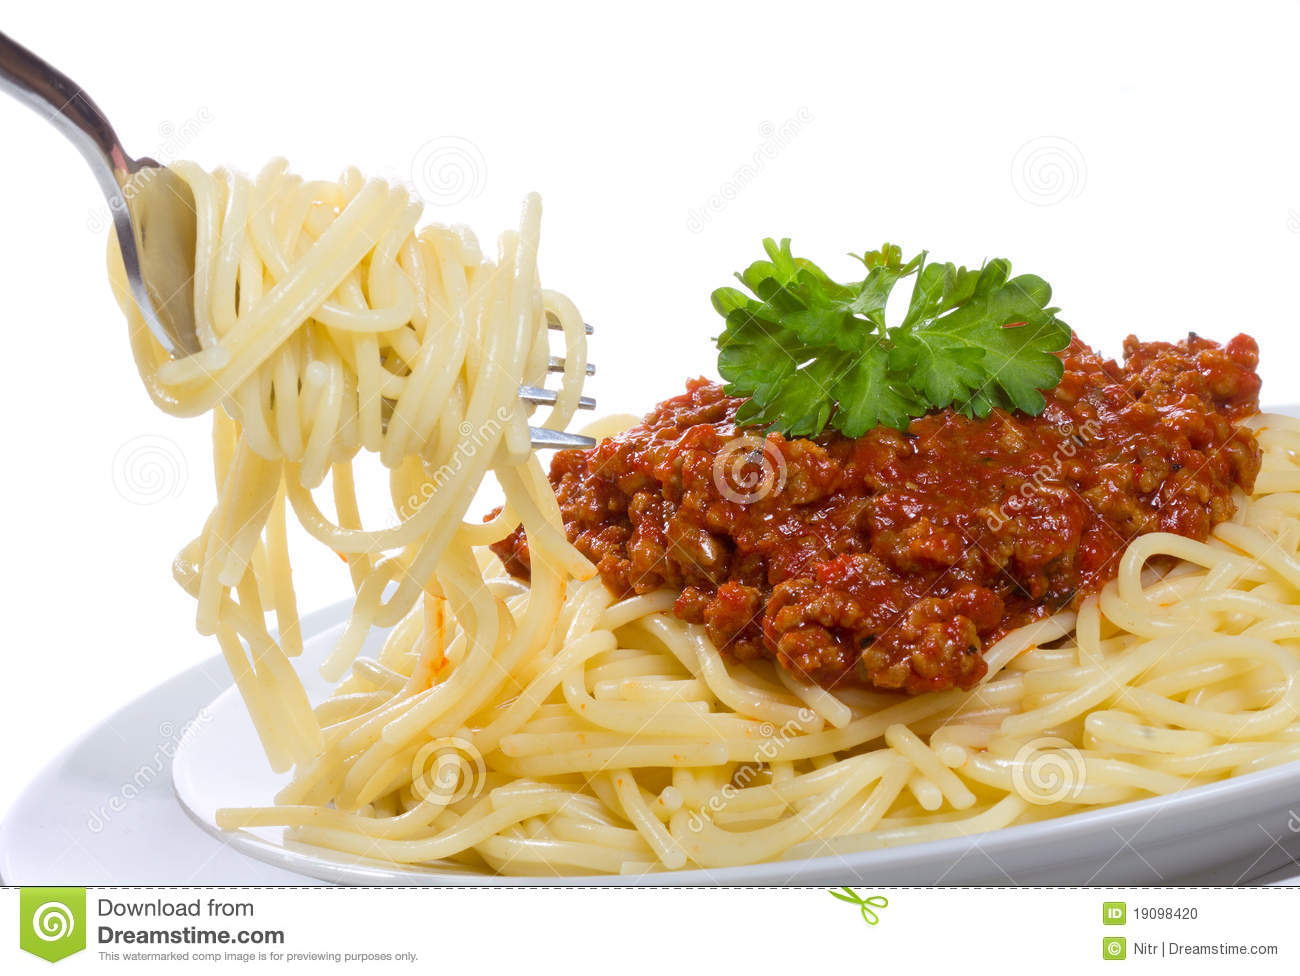 Spaghetti With Meat Sauce Stock Photo   Image  19098420
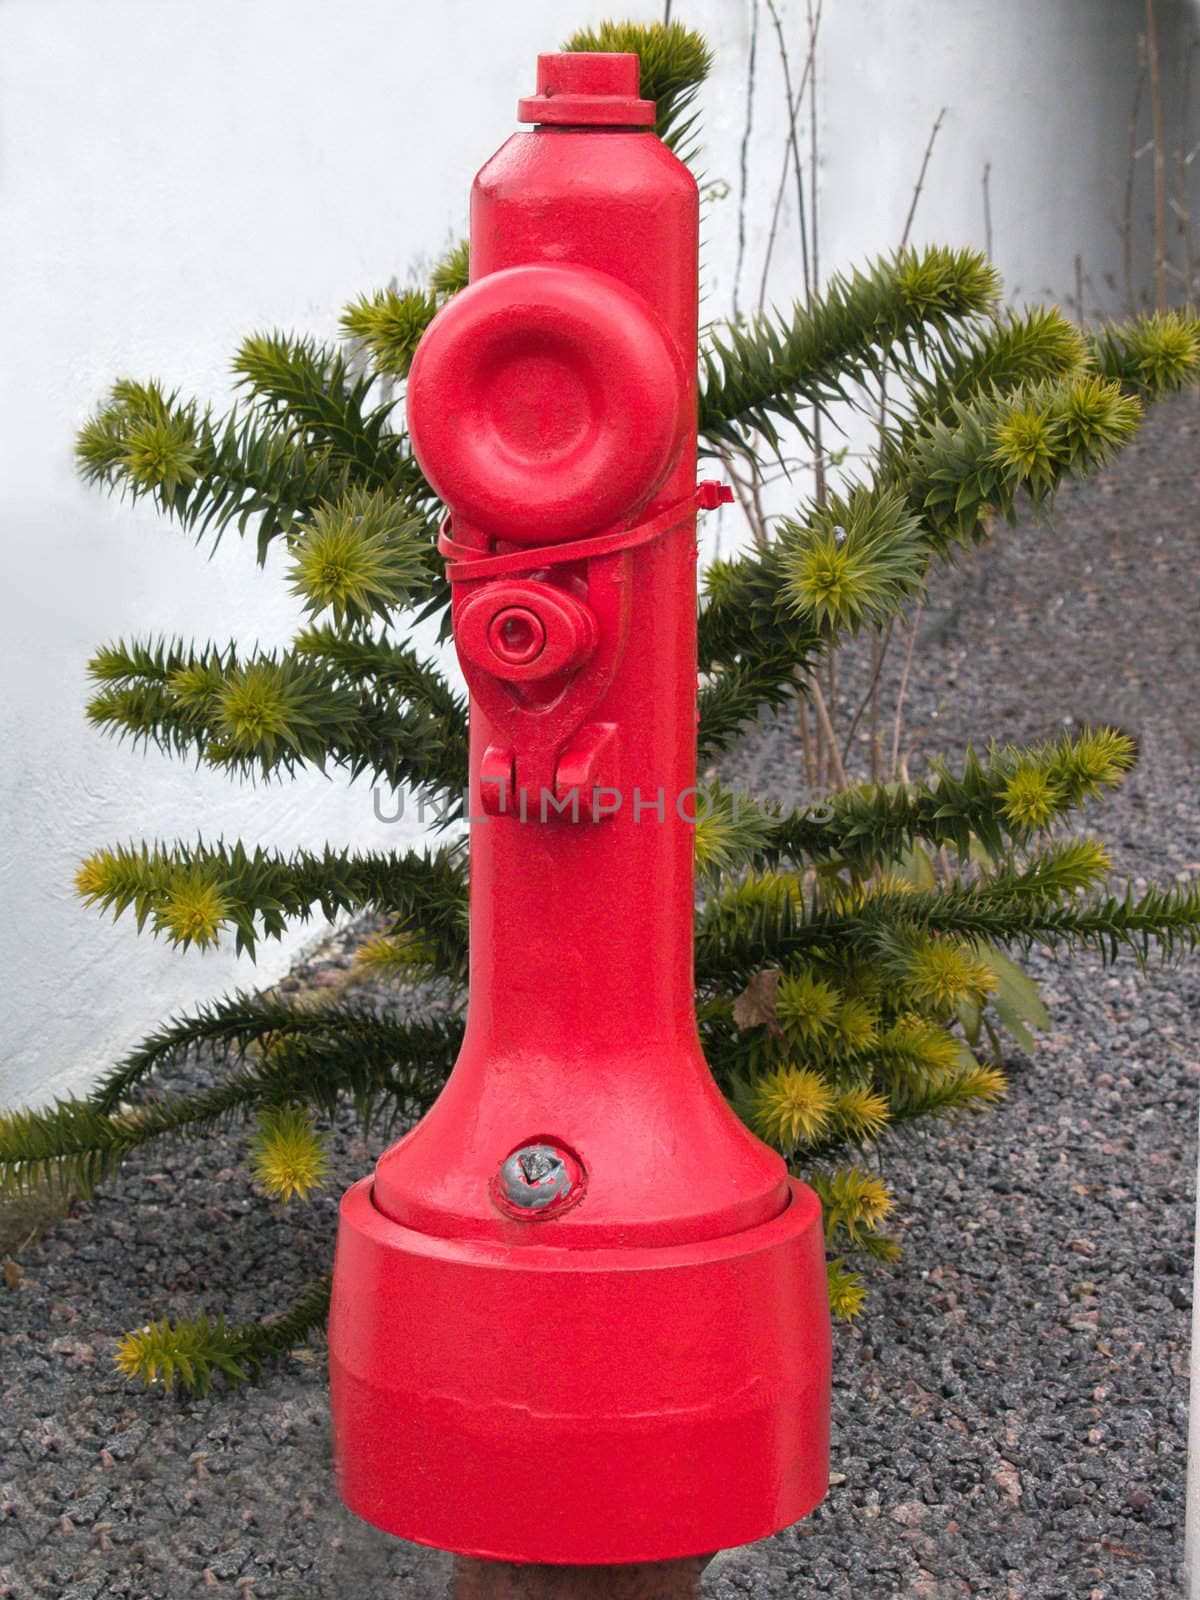 Fire fighting - red fire hydrant
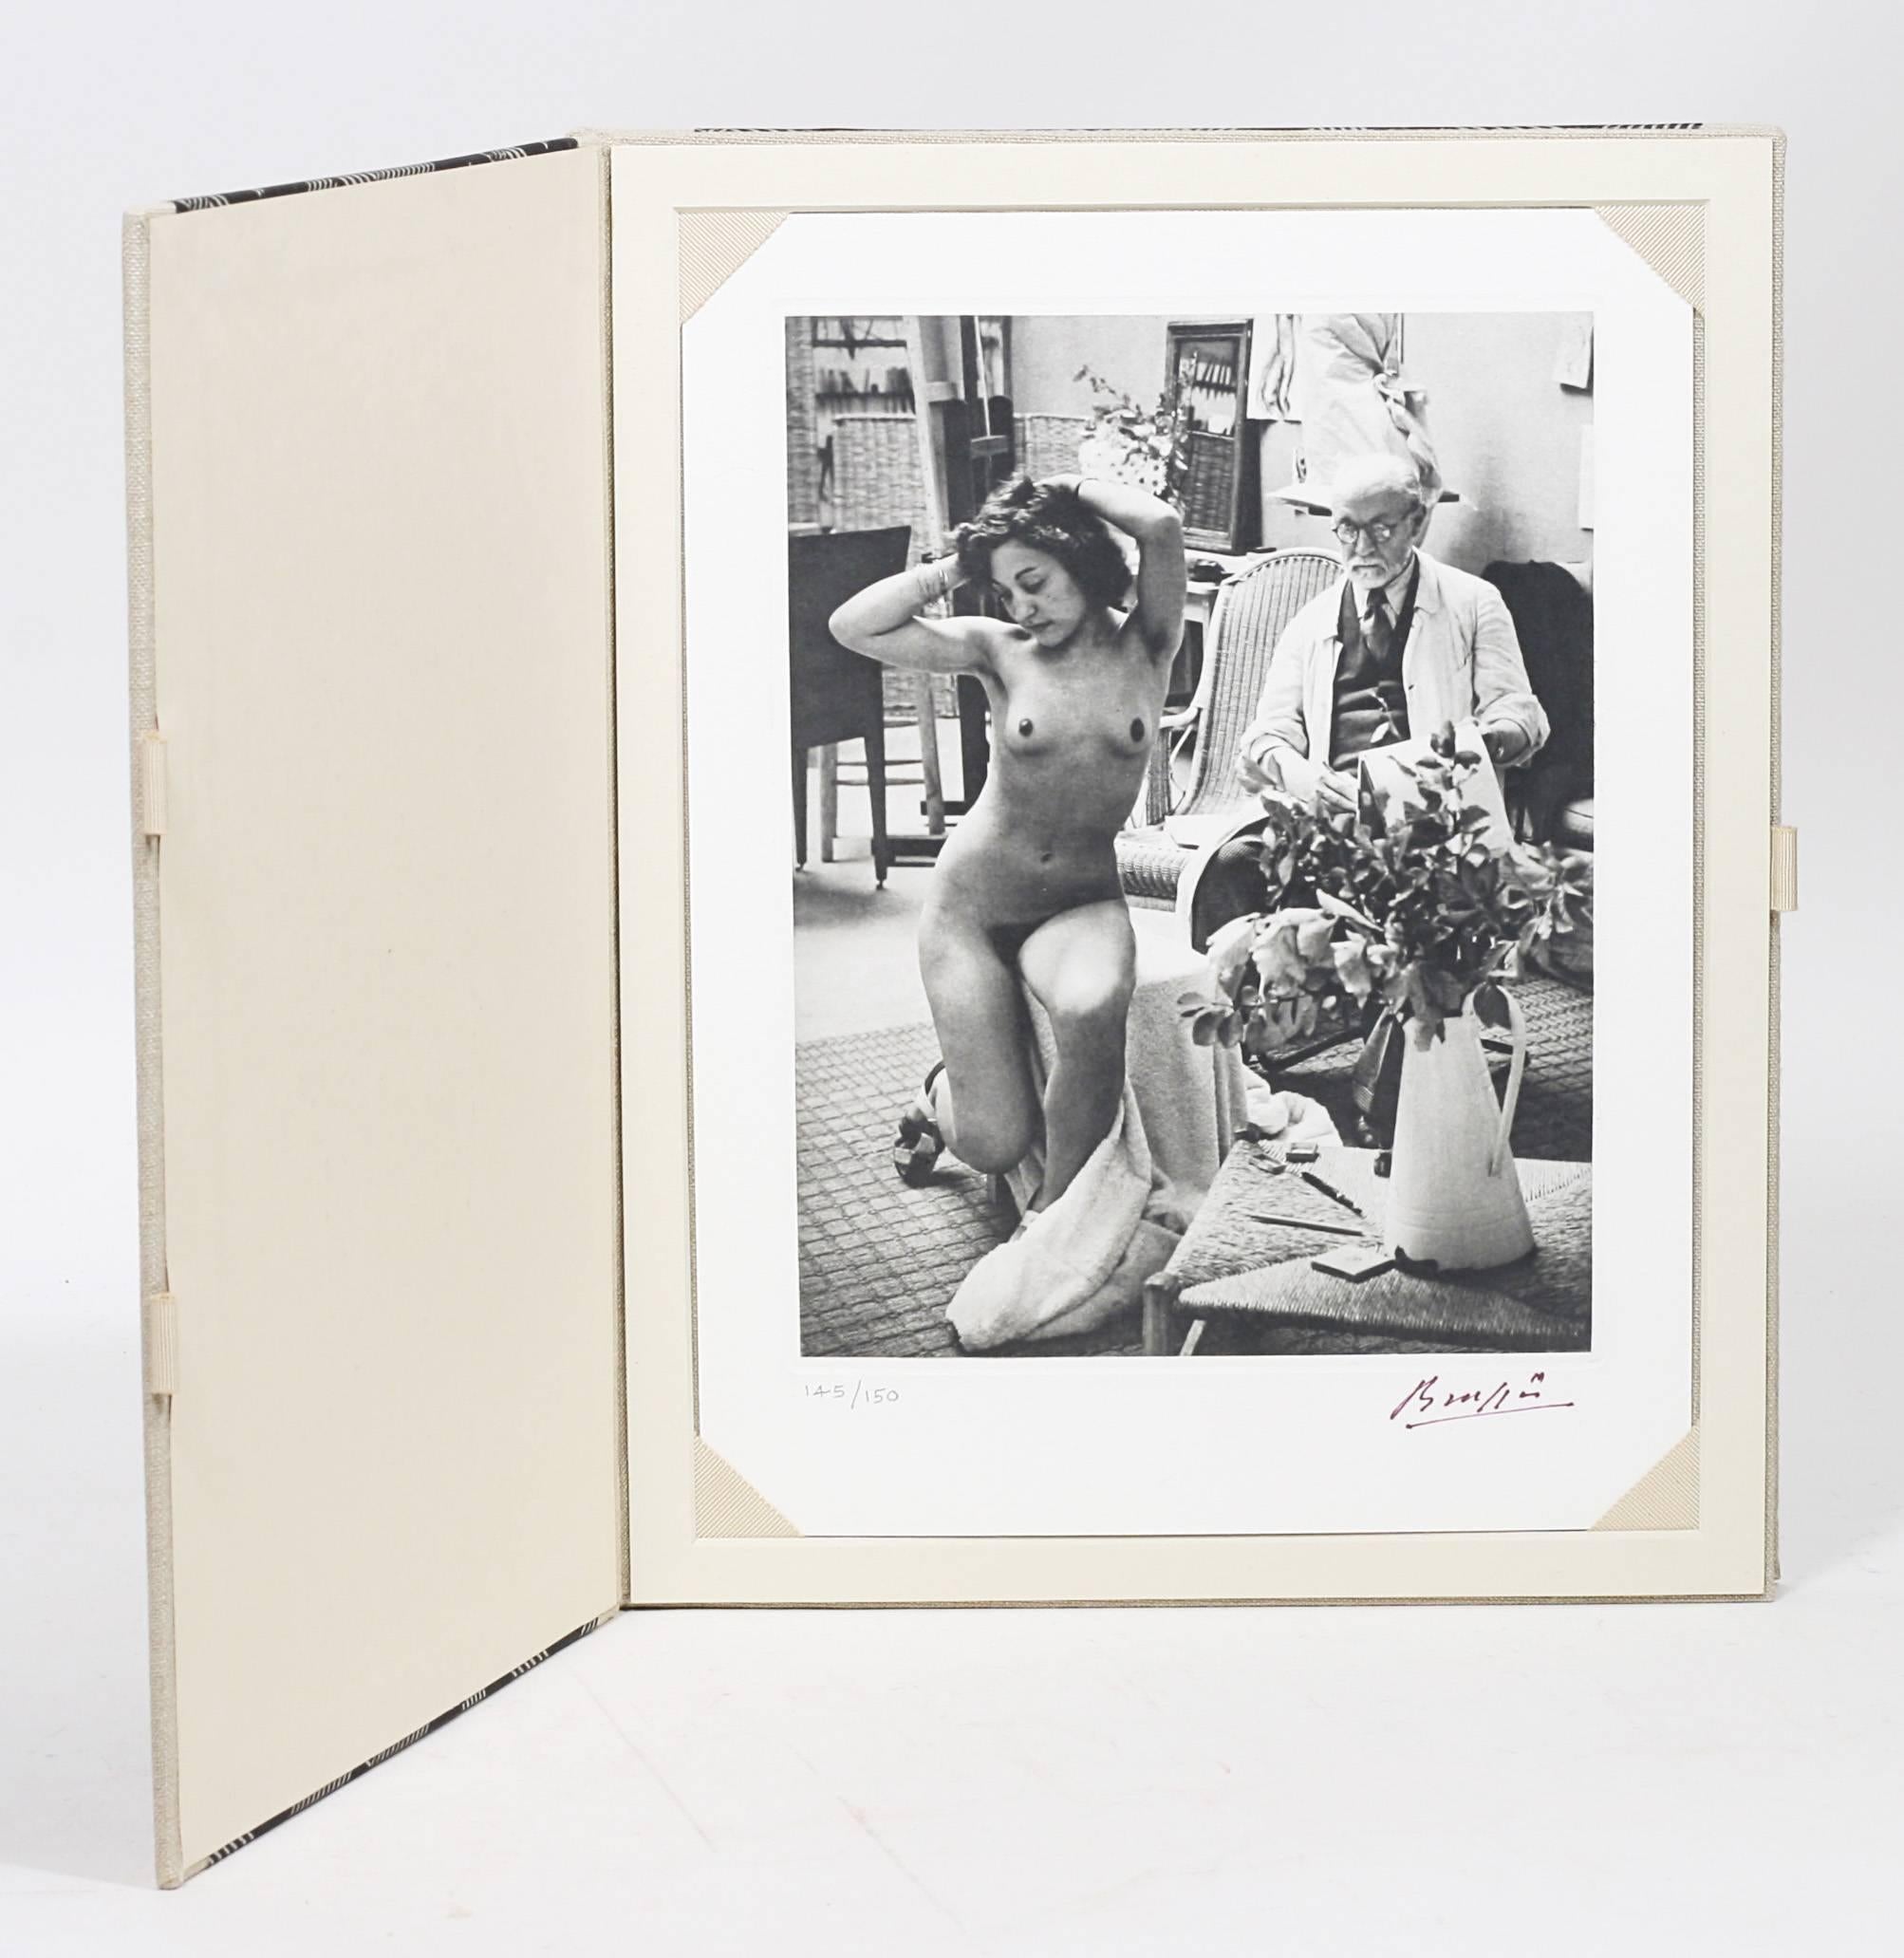 Rare Deluxe signed limited First edition, one of only 150 copies, Signed and numbered by Brassai and with a Signed hand-pulled gravure, “Matisse Drawing from the Nude”. Additionally illustrated throughout with images of the subjects and works

--------------------------------------------------

- How to complete this task:
Return all the data exactly, and keep the pictures out.

- Answer box:
 Spaghetti With Meat Sauce Stock Photo   Image  19098420
 Fire fighting - red fire hydrant
 Rare Deluxe signed limited First edition, one of only 150 copies, Signed and numbered by Brassai and with a Signed hand-pulled gravure, “Matisse Drawing from the Nude”. Additionally illustrated throughout with images of the subjects and works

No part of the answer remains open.